(Stored dataset items)

"""

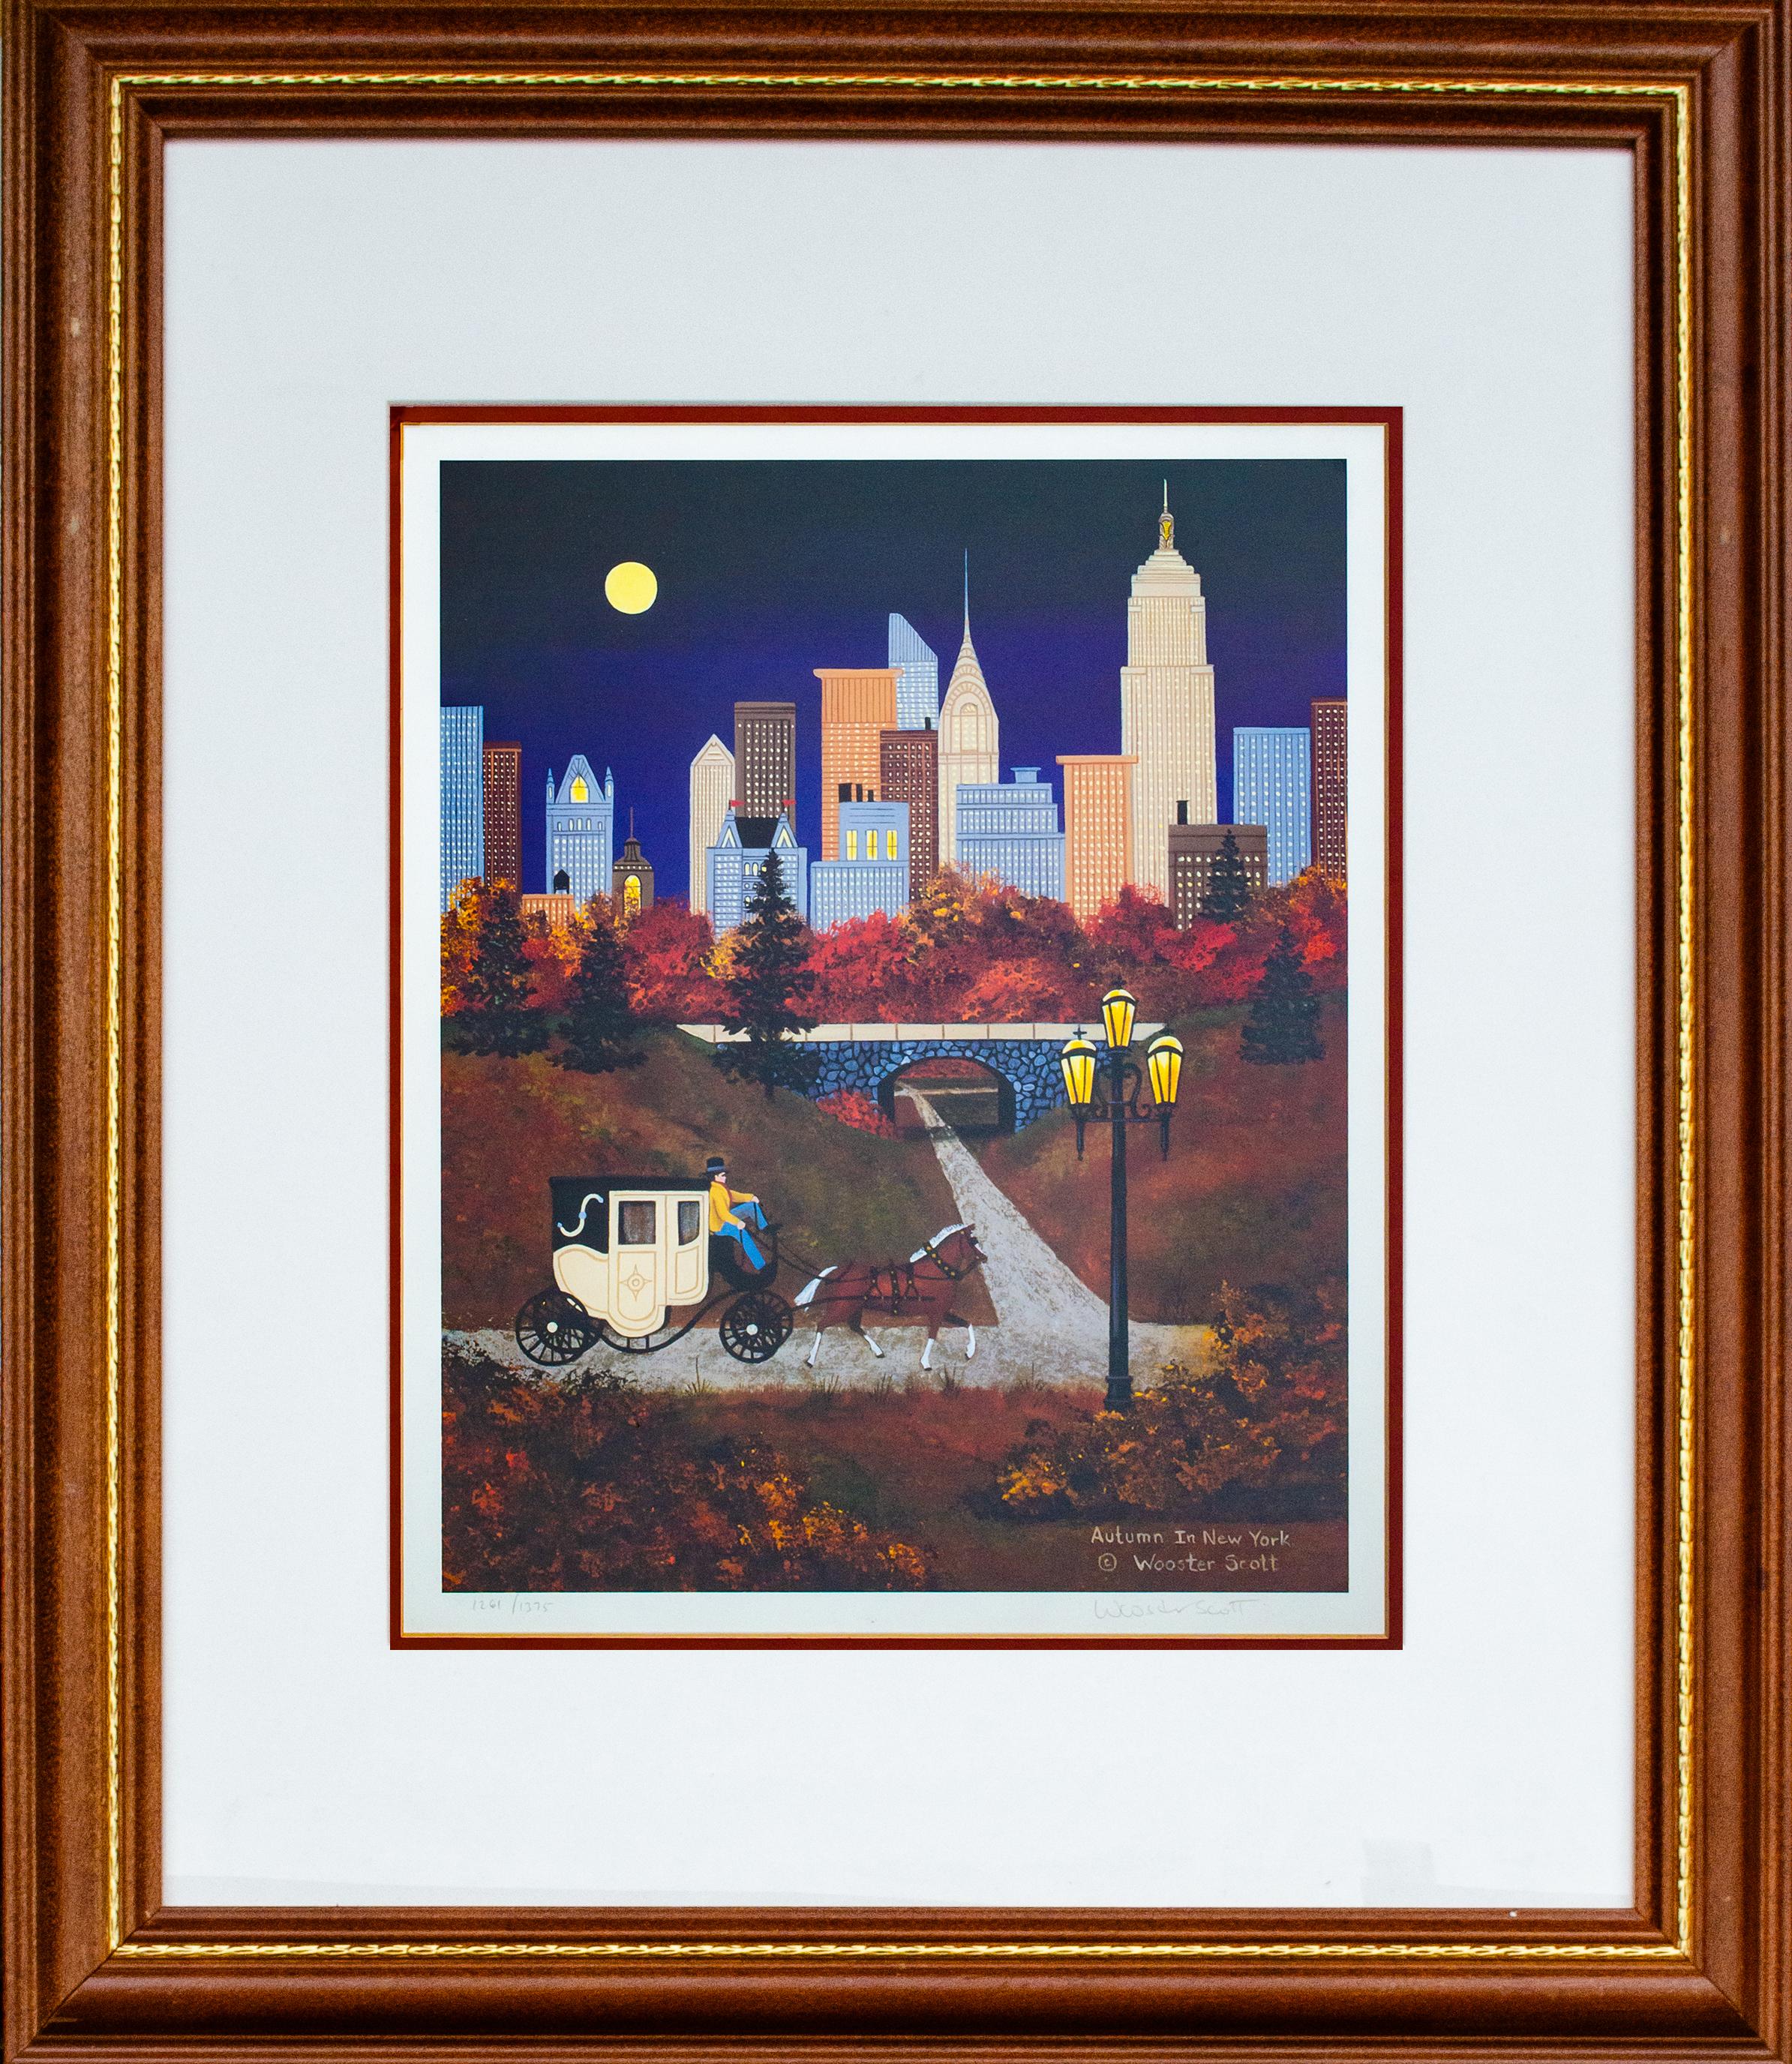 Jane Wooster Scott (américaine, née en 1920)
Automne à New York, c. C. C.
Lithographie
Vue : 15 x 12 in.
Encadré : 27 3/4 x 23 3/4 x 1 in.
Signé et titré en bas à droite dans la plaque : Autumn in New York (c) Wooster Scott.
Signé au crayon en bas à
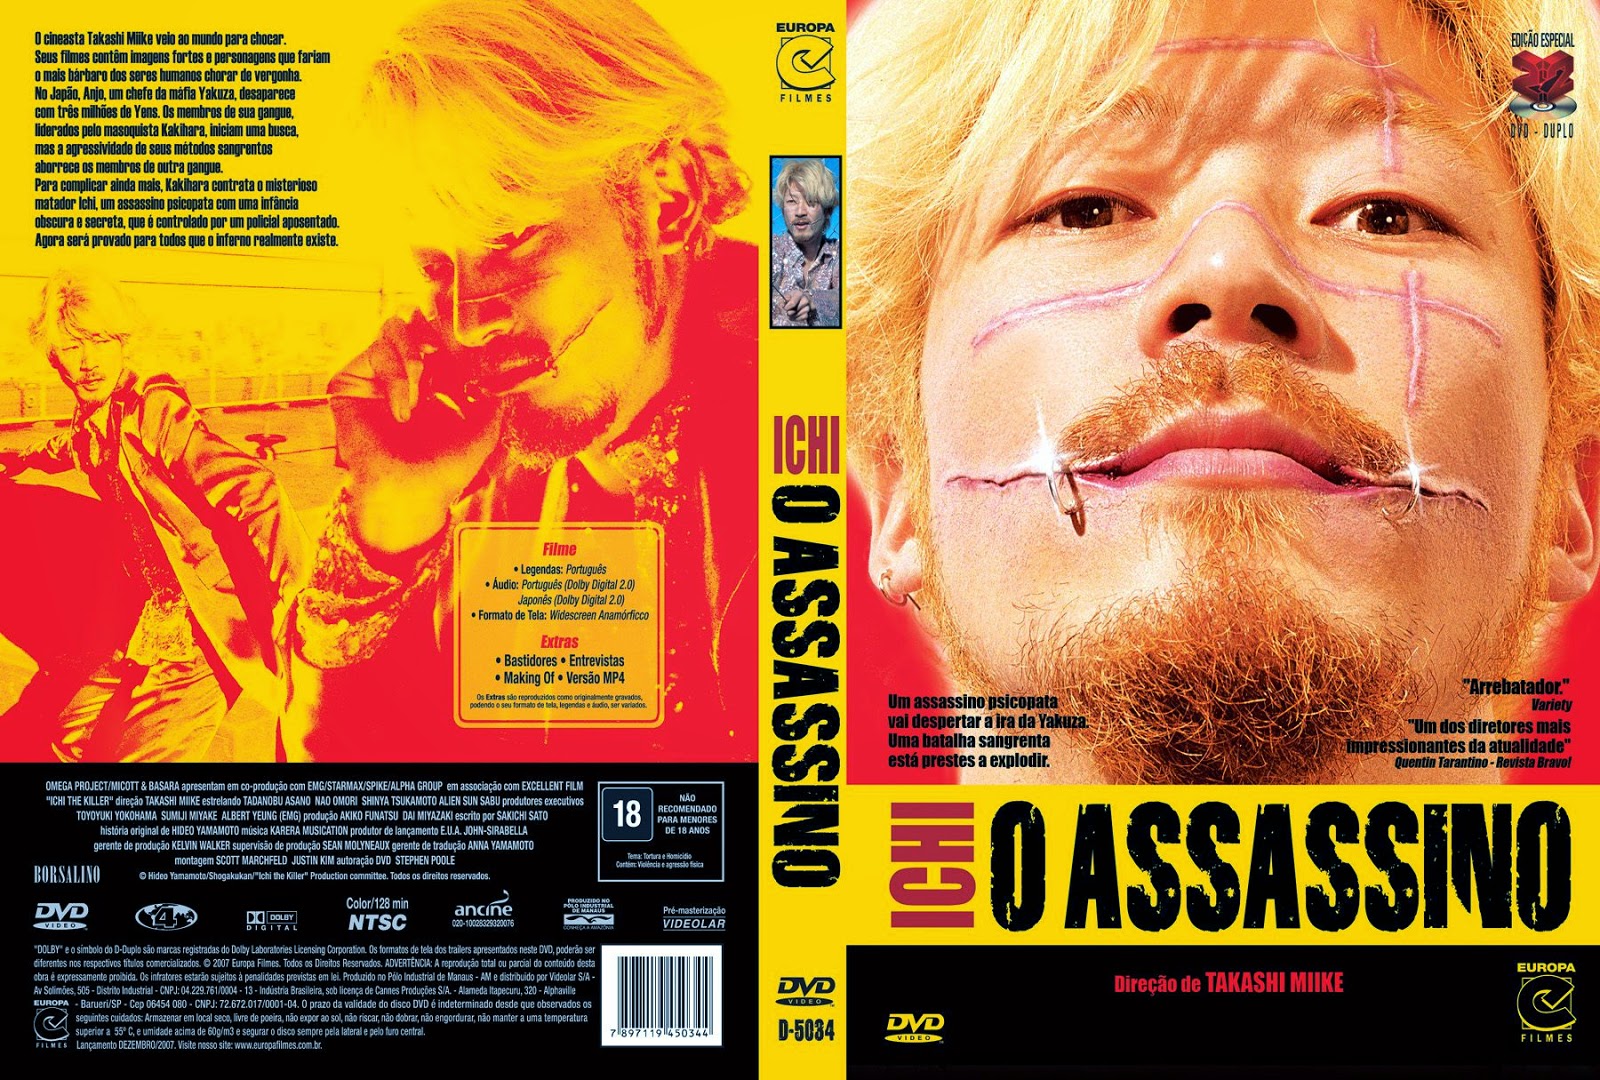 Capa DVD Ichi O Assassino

"""

> **Work task**: Write out the data word for word, with every picture dropped.

> **Solution to this problem**:
 Jane Wooster Scott (américaine, née en 1920)
Automne à New York, c. C. C.
Lithographie
Vue : 15 x 12 in.
Encadré : 27 3/4 x 23 3/4 x 1 in.
Signé et titré en bas à droite dans la plaque : Autumn in New York (c) Wooster Scott.
Signé au crayon en bas à
 Capa DVD Ichi O Assassino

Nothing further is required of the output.